Now President Jakaya Kikwete appears to have changed course, under intense pressure from foreign governments and worldwide alarm at the imminent disappearance of elephants from the wild in East Africa. “It’s pretty amazing,” said one visitor, in a hasty email early in the week from the survey command center. “The situation is so dire.” For years Kikwete did nothing to stop his country from becoming the bloody source of much of the world’s illicit ivory trade. “And then he was just persuaded to send in the military. And, lo and behold, yesterday a military truck arrived in the Selous. (I’m actually there). Everyone thought they were going to have to hold his feet to the fire … “

Up to now Tanzania has taken a sort of bipolar approach to its wildlife. It has designated a remarkable 28 percent of its land  for wildlife conservation, and it currently has the second largest elephant population in Africa, estimated at 60-70,000 animals. More than 800,000 tourists visit annually, to see both the wildlife and some of the most storied landscapes in the world, including Mount Kilimanjaro, Ngorongoro Crater, the Serengeti, and the Selous Game Reserve. Tourism is the second largest contributor to the national economy, after agriculture.

And yet poachers now kill about 30 elephants a day there with near impunity. That’s more than 10,000 a year, according to TAWIRI, and at that rate, elephants could disappear from the wild in just seven years. The government response in the past has amounted to a wrist slap. Wildlife officials reported earlier this year that they had taken 670 poaching cases to court over one recent 15-month period, resulting in $109,377 in fines– $123 per case. Meanwhile, elephant ivory sells for about $1000 a pound on the global black market. In a frustrated outburst early this month, Khamis Kagasheki, the minister of natural resources and tourism, declared, “The only way to solve this problem is to execute the killers on the spot.”

Political corruption up to the ministerial level is widely believed to play a role in the poaching. For instance, Tanzania allows trophy hunting of elephants and charges a fee of more than $22,000 for a larger specimen. In theory, that should provide essential funds to protect the herd and to encourage cooperation from nearby communities. But the money often ends up elsewhere. A Tanzanian newspaper reported this week that politicians and wildlife officials sometimes issue trophy permits improperly, or look the other way as legal permits end up in the hands of poachers. China, the end market for much of the blood ivory, is also the leading international investor in Tanzania, with a significant presence of Chinese staff on the ground.

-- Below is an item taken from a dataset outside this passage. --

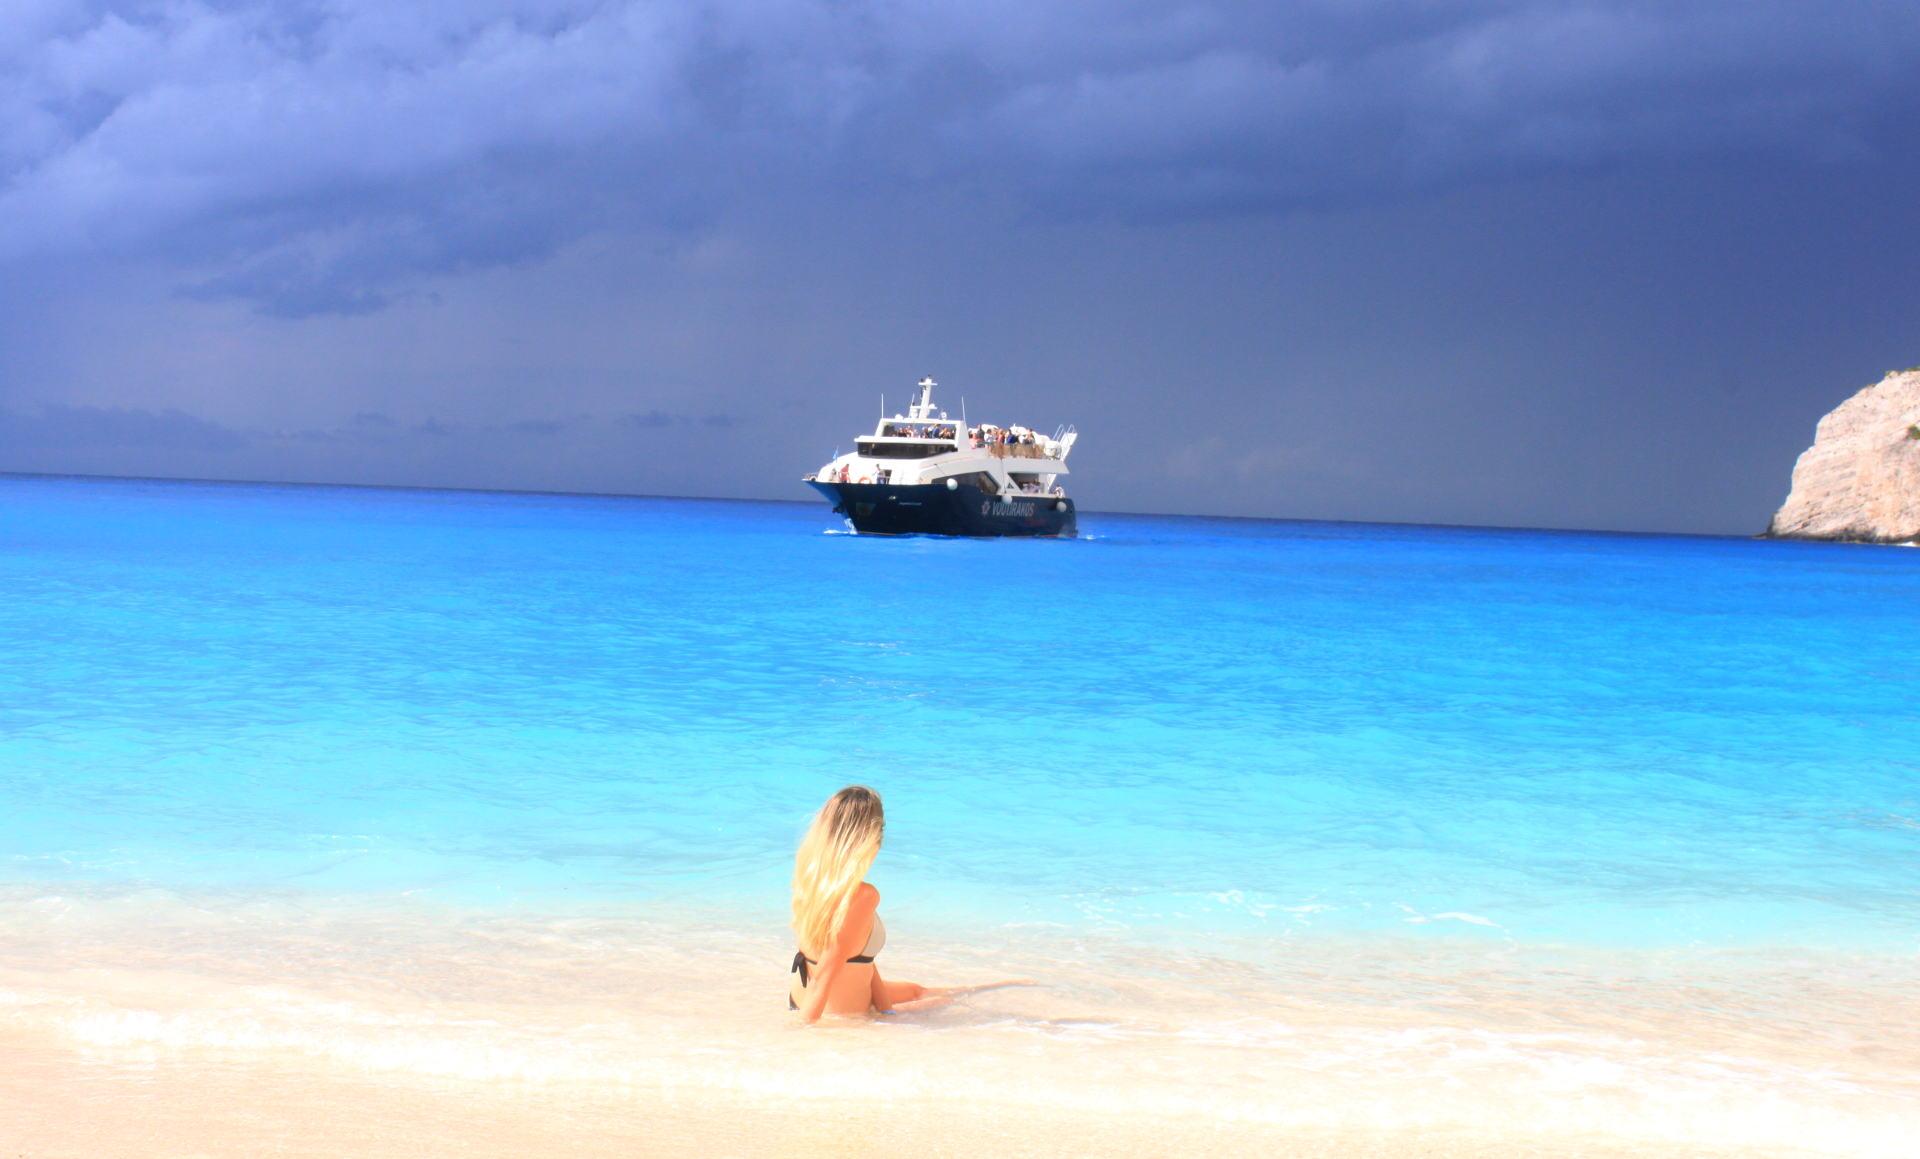 grecja zakynthos zatokawraku navagiobeach statek rajskaplaza iglawpodrozy
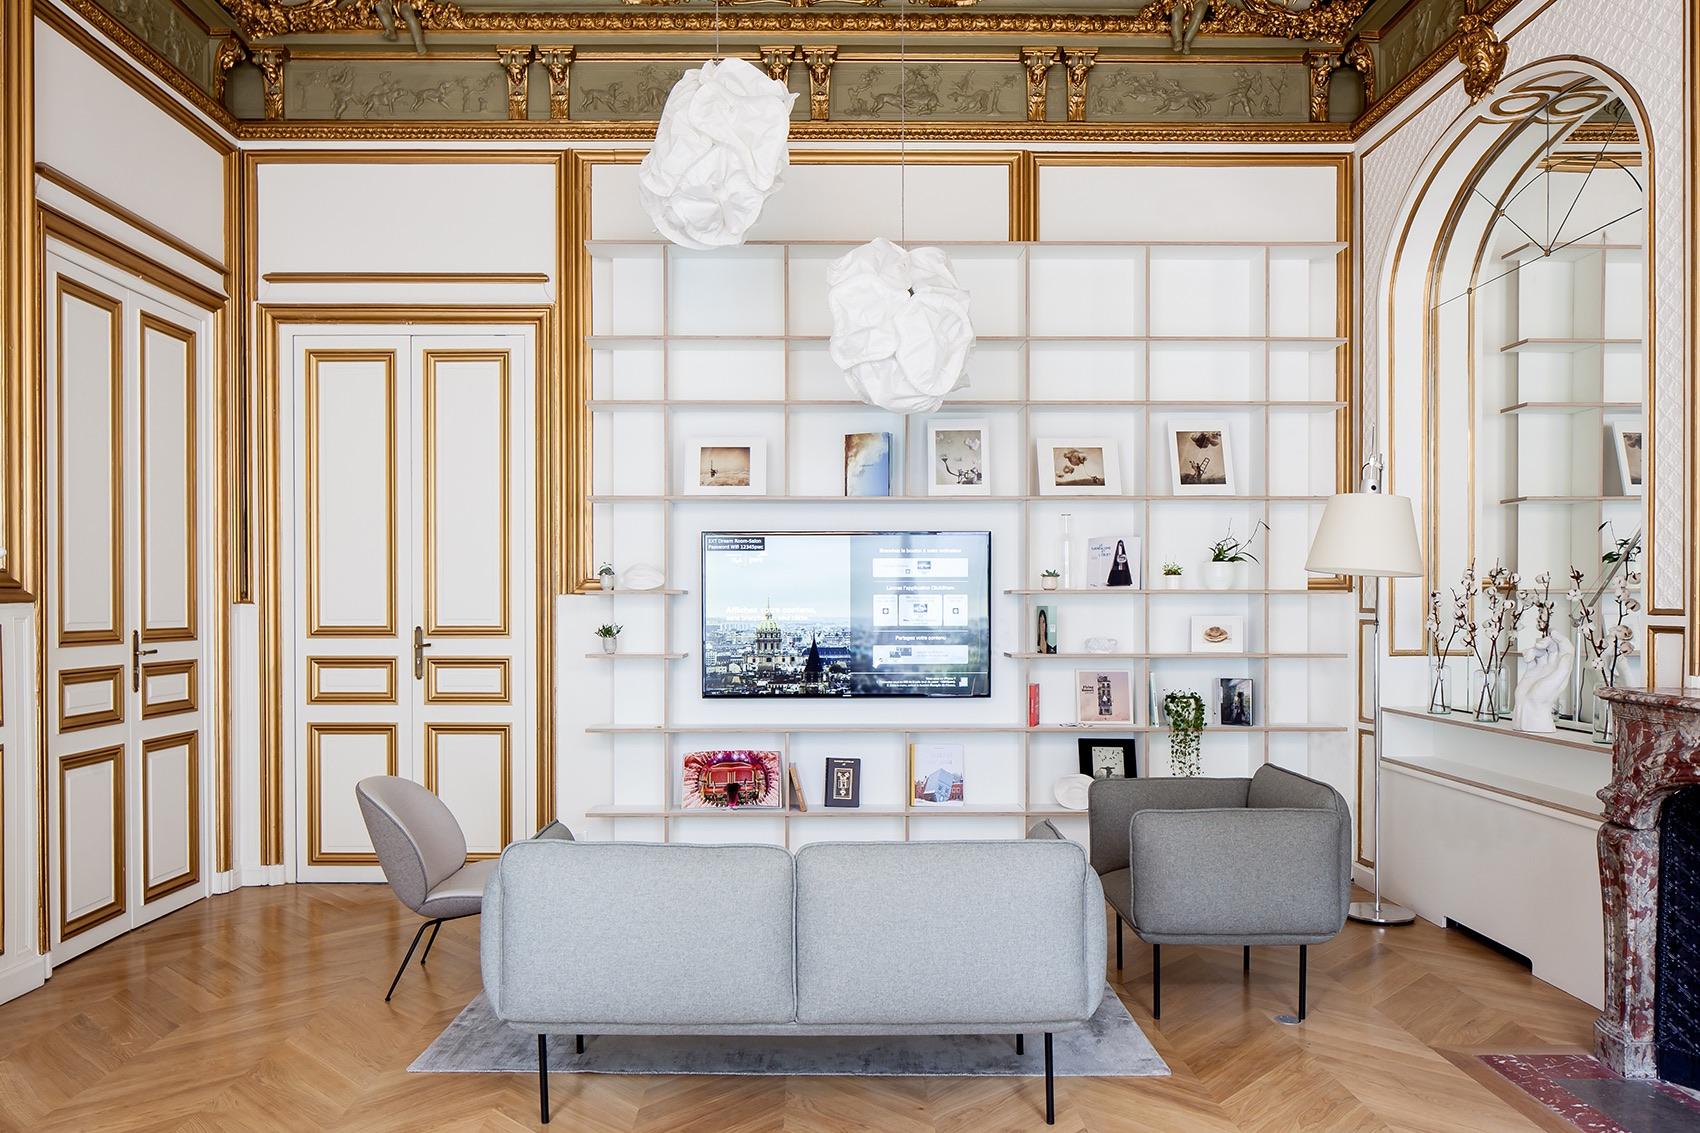 pwc-paris-office-22

Reached by phone at the Selous, Felix Borner of the Frankfurt Zoological Society said that the survey team has gone to extraordinary lengths to make its elephant count accurate. Preparation included a week working with wildlife observers from TAWIRI and Tanzania National Parks before hand-picking the most accurate among them, followed by an additional three days of training.

Borner had just returned to base from a day’s survey work, having piloted a Cessna 182 over five 60-mile transects. The pilot sees no animals, he said, because he is too focused on keeping the plane at speed and altitude, on a precise GPS track, the standard protocol for surveys. An observer in the front seat and two in the rear do the actual counting, with GPS data and high-resolution photography to confirm every sighting. They speak their sightings into a recording device, because writing them down on paper would mean taking their eyes away from the ground.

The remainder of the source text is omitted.